[Items listed in a dataset]
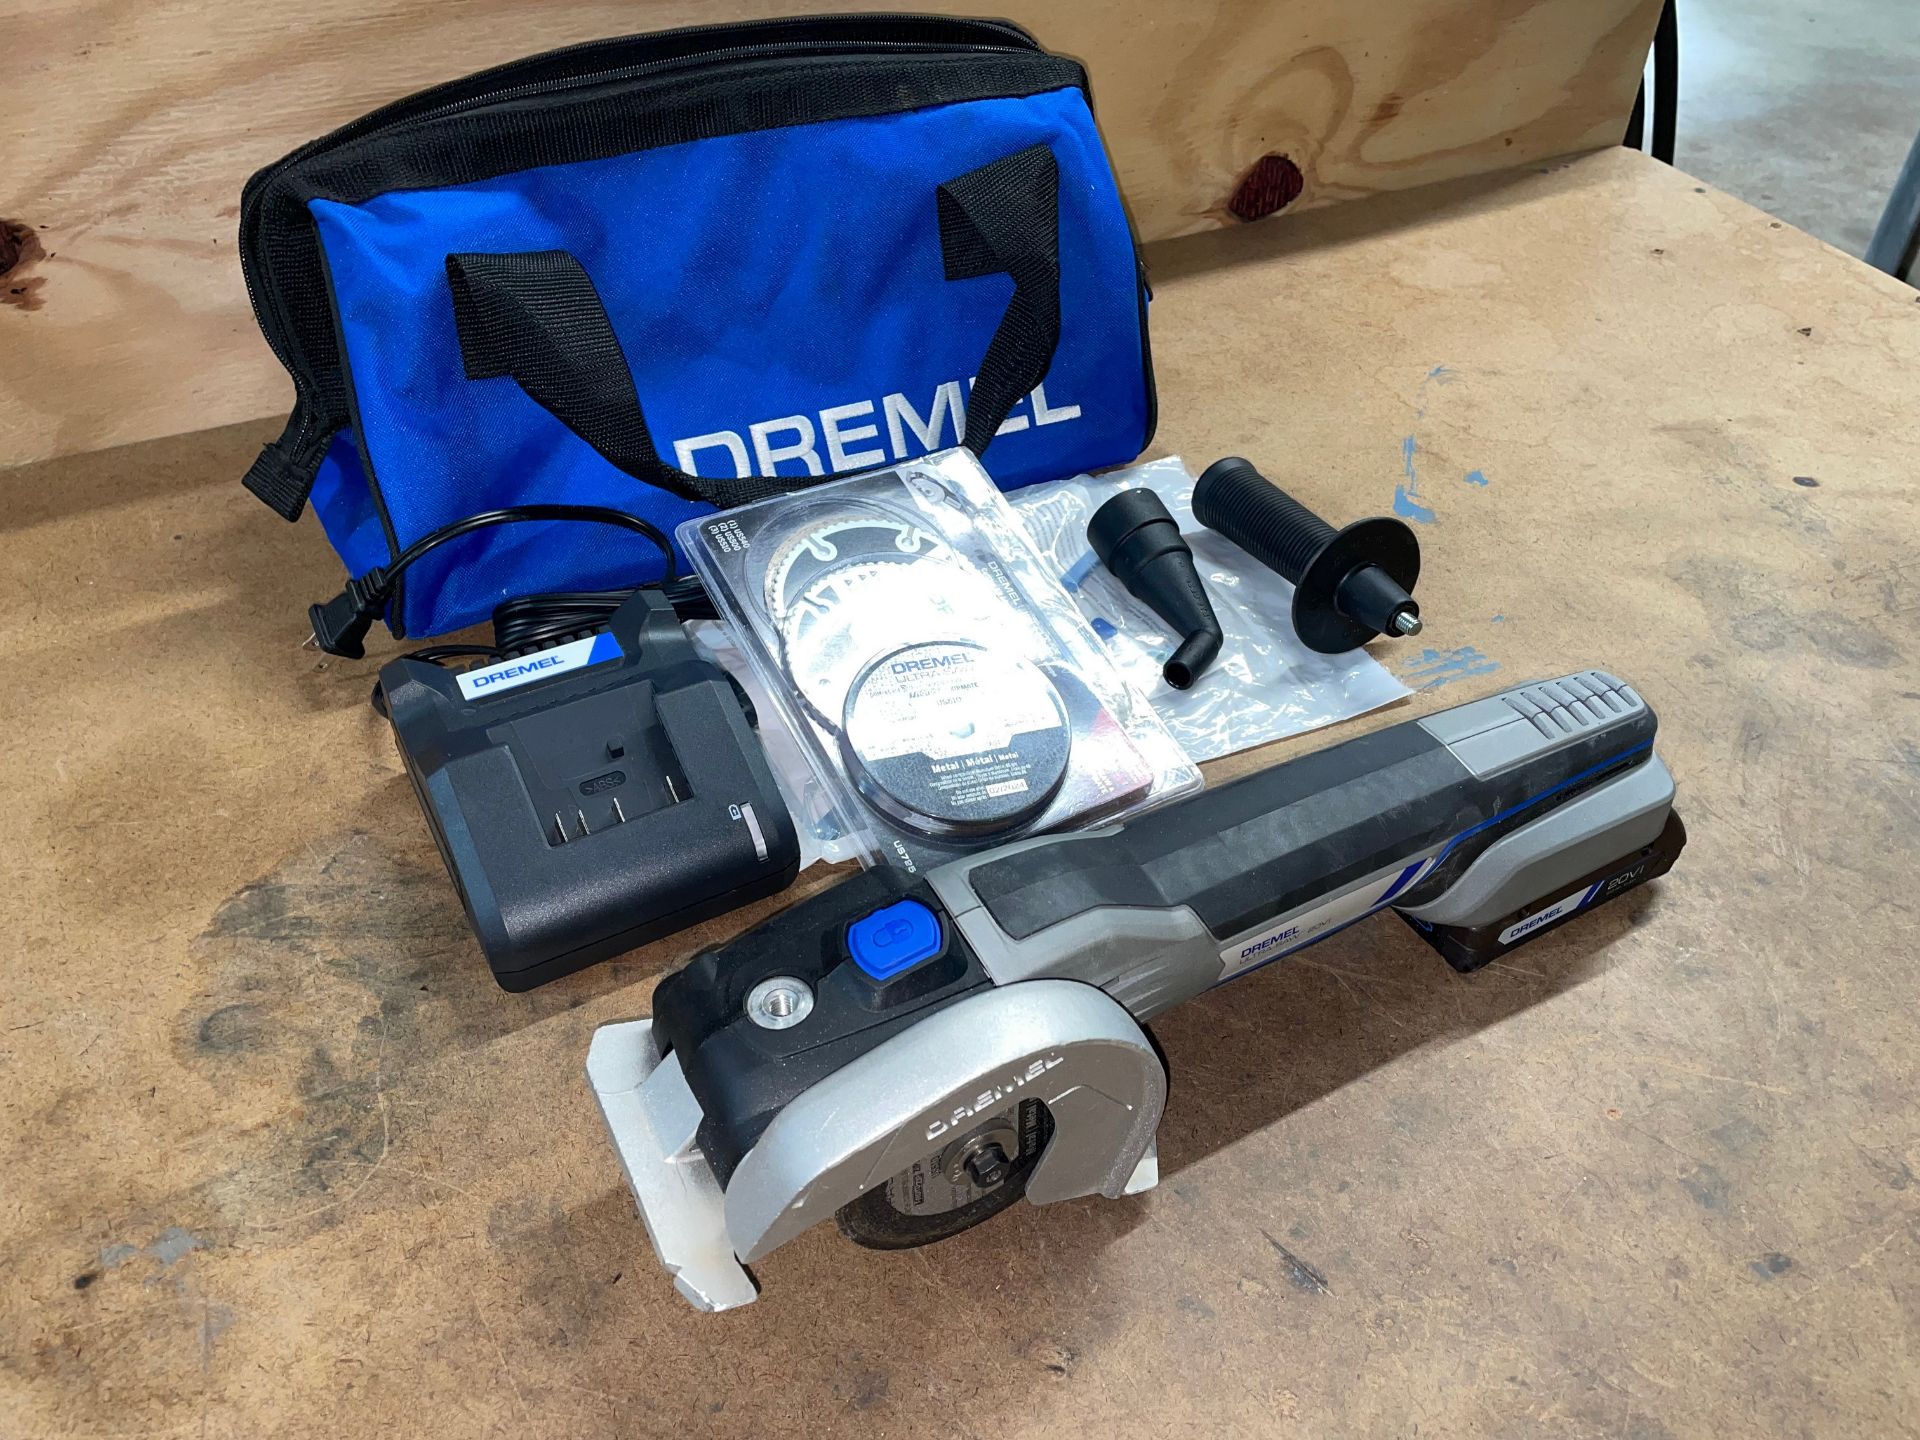 Dremel Ultra-Saw 20V Cordless Compact Saw Kit - Image 2 of 7
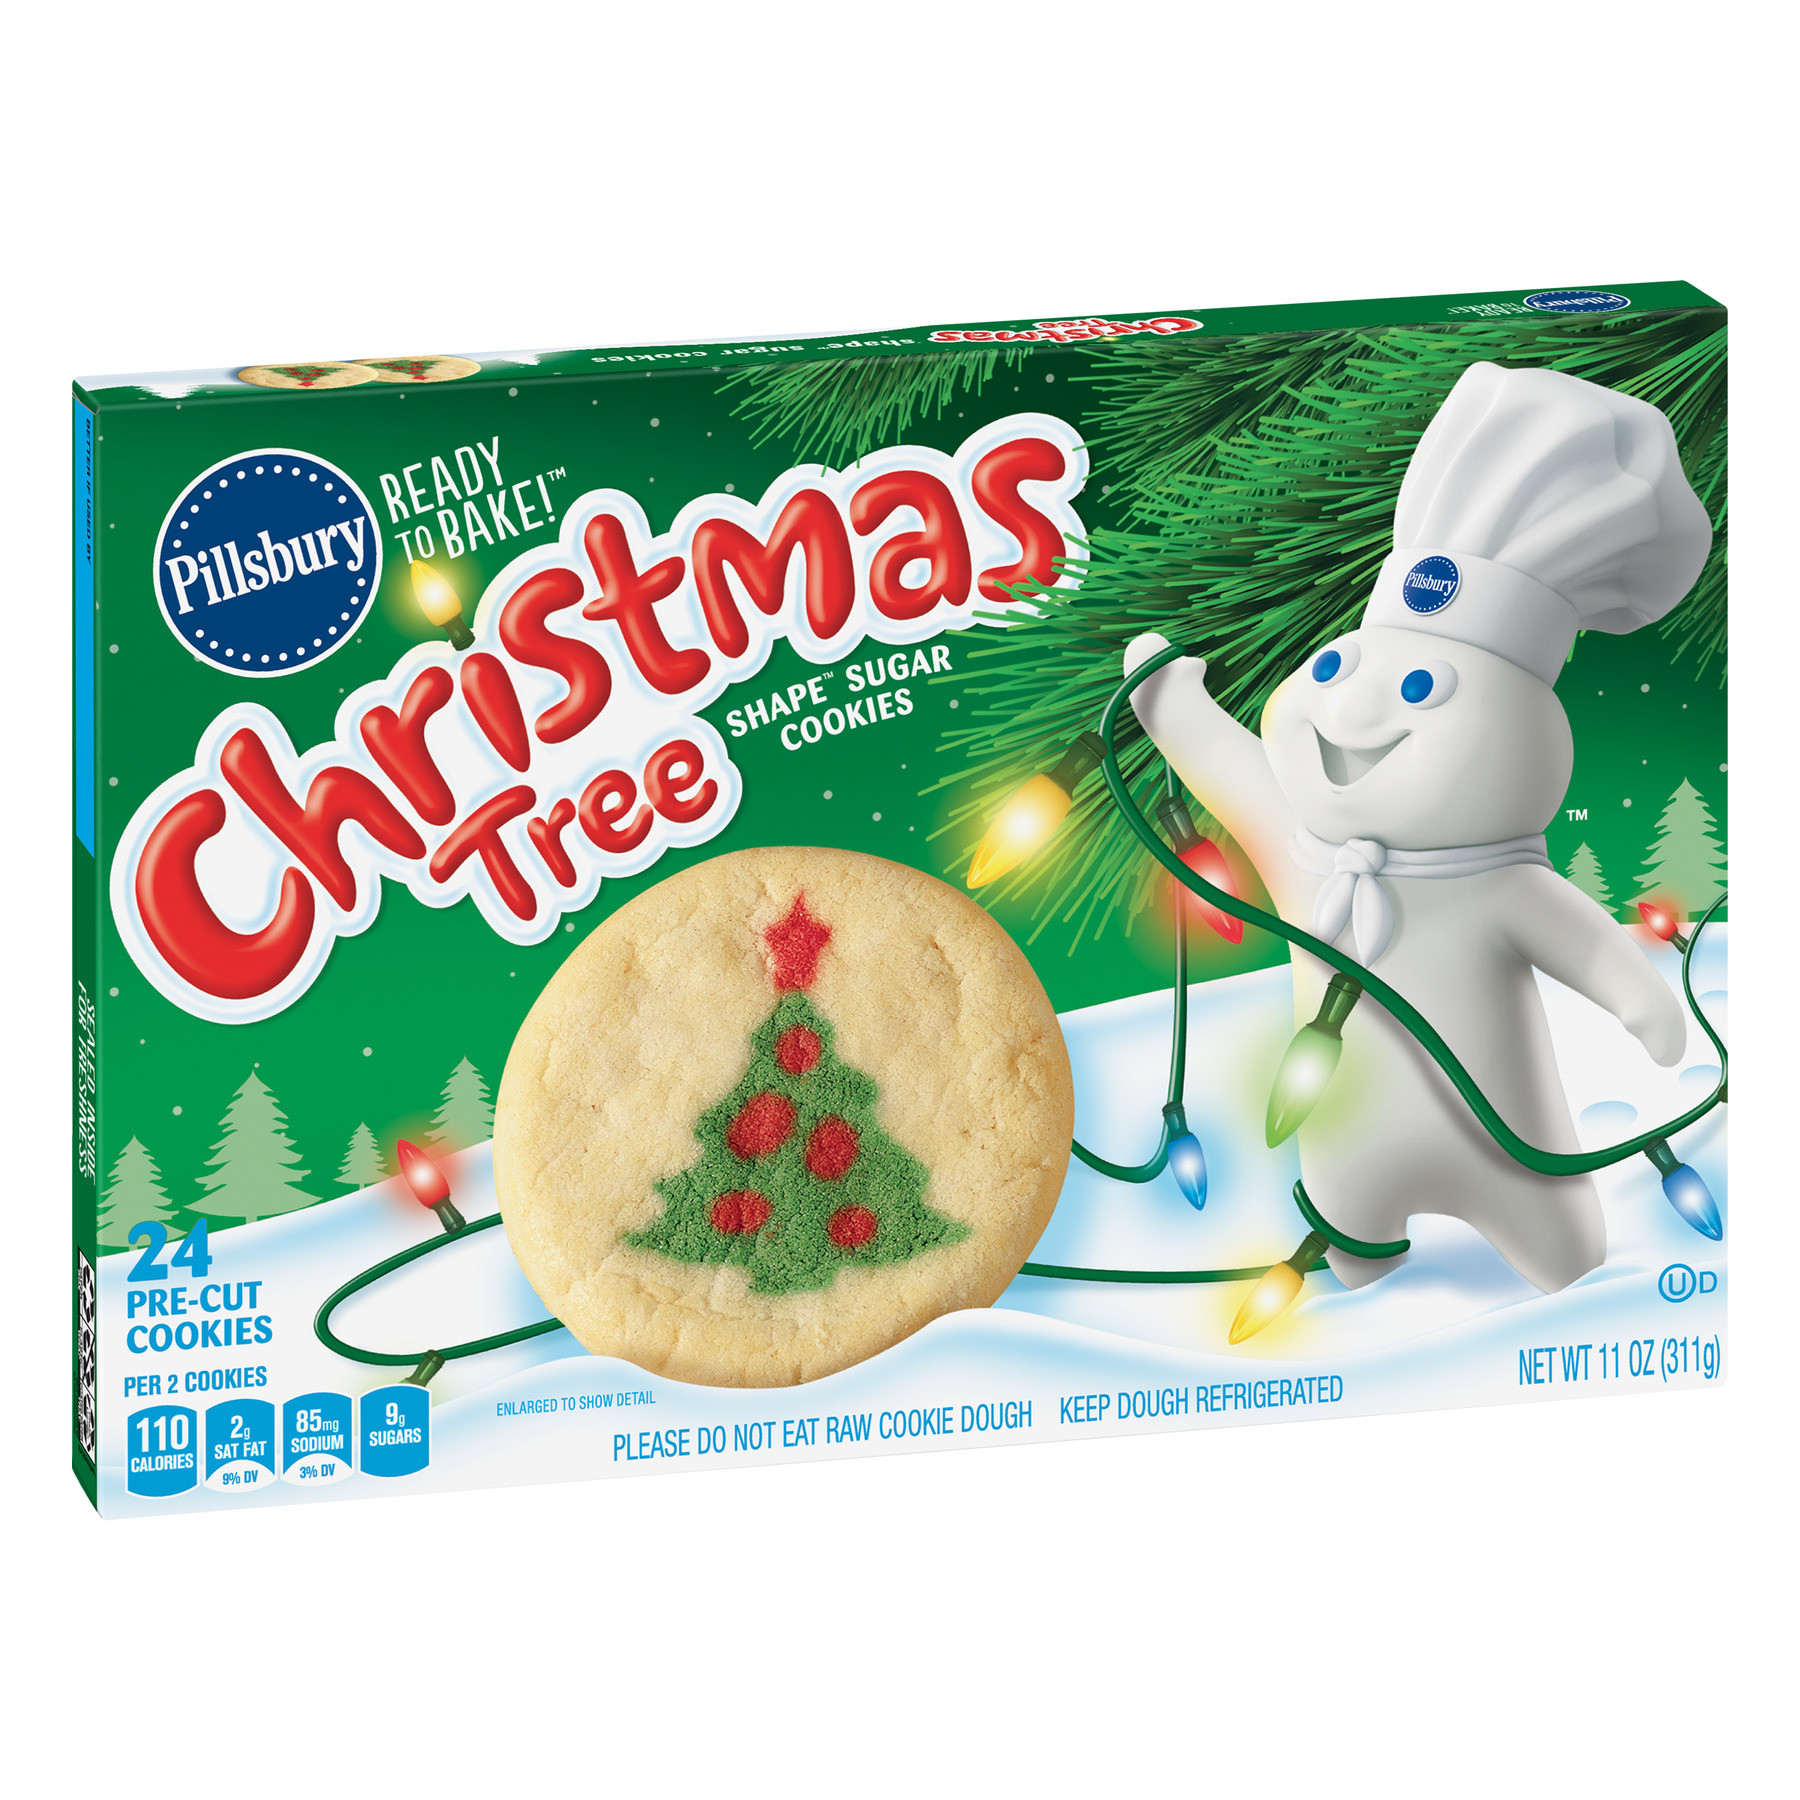 Christmas Sugar Cookies Walmart
 Pillsbury Ready to Bake Christmas Tree Shape Sugar
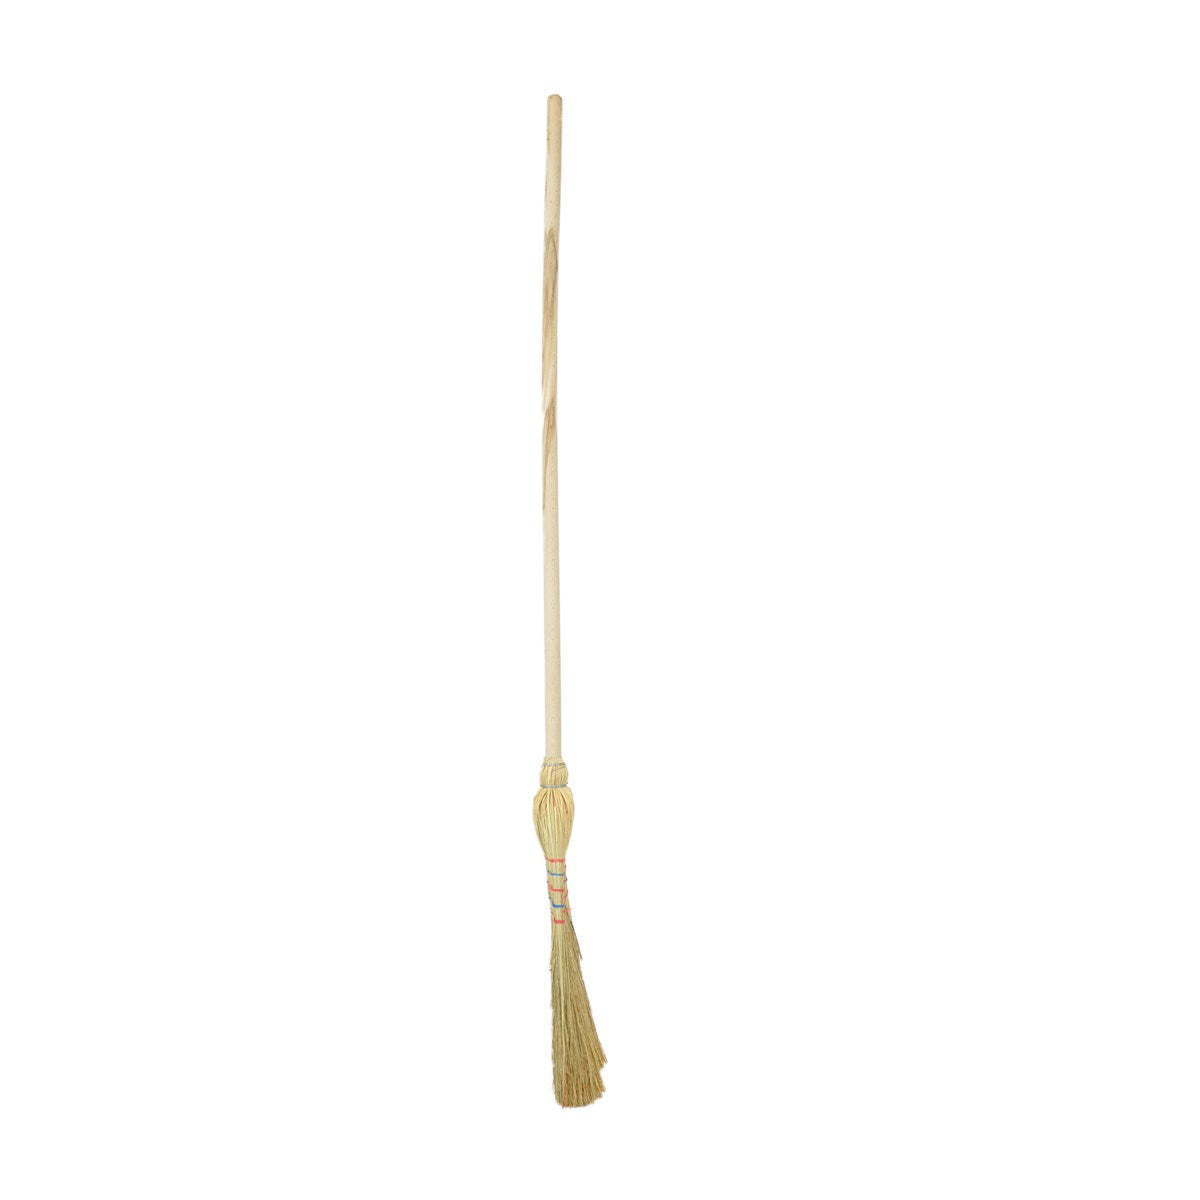 Hillbrush Medium 279mm Corn Broom with Handle
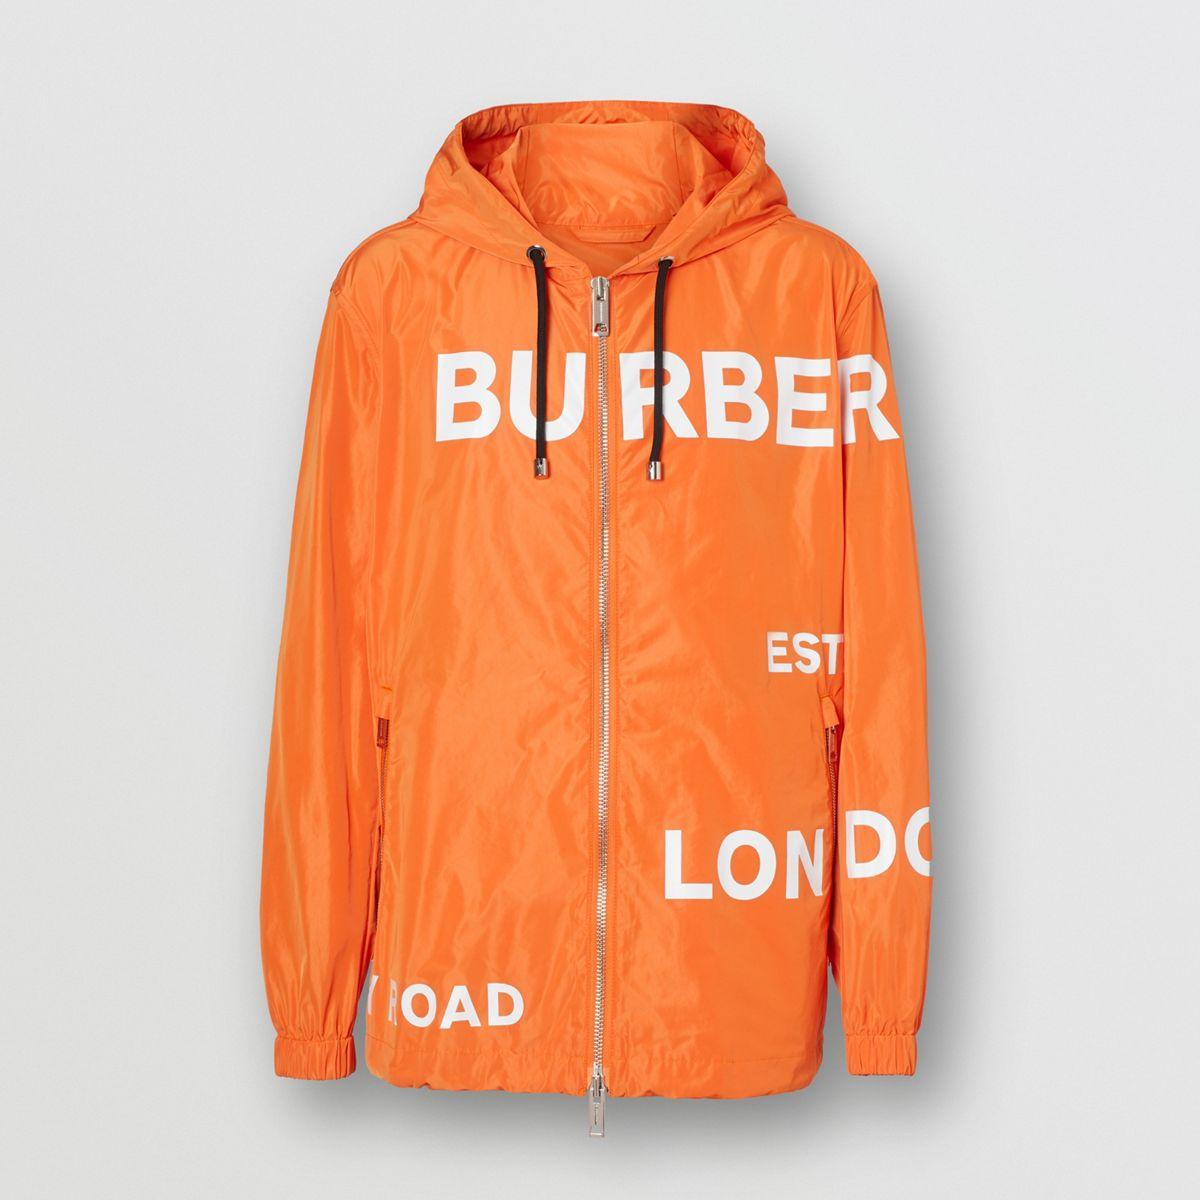 Burberry Synthetic Horseferry Print Nylon Hooded Jacket in Bright Orange  (Orange) for Men - Lyst

PROMPT:
All of the data needs repeating exactly, but the pictures do not.

ANSWER FOR THIS EXERCISE:
 Dremel Ultra-Saw 20V Cordless Compact Saw Kit - Image 2 of 7
 Christmas Sugar Cookies Walmart
 Pillsbury Ready to Bake Christmas Tree Shape Sugar
 Hillbrush Medium 279mm Corn Broom with Handle
 Burberry Synthetic Horseferry Print Nylon Hooded Jacket in Bright Orange  (Orange) for Men - Lyst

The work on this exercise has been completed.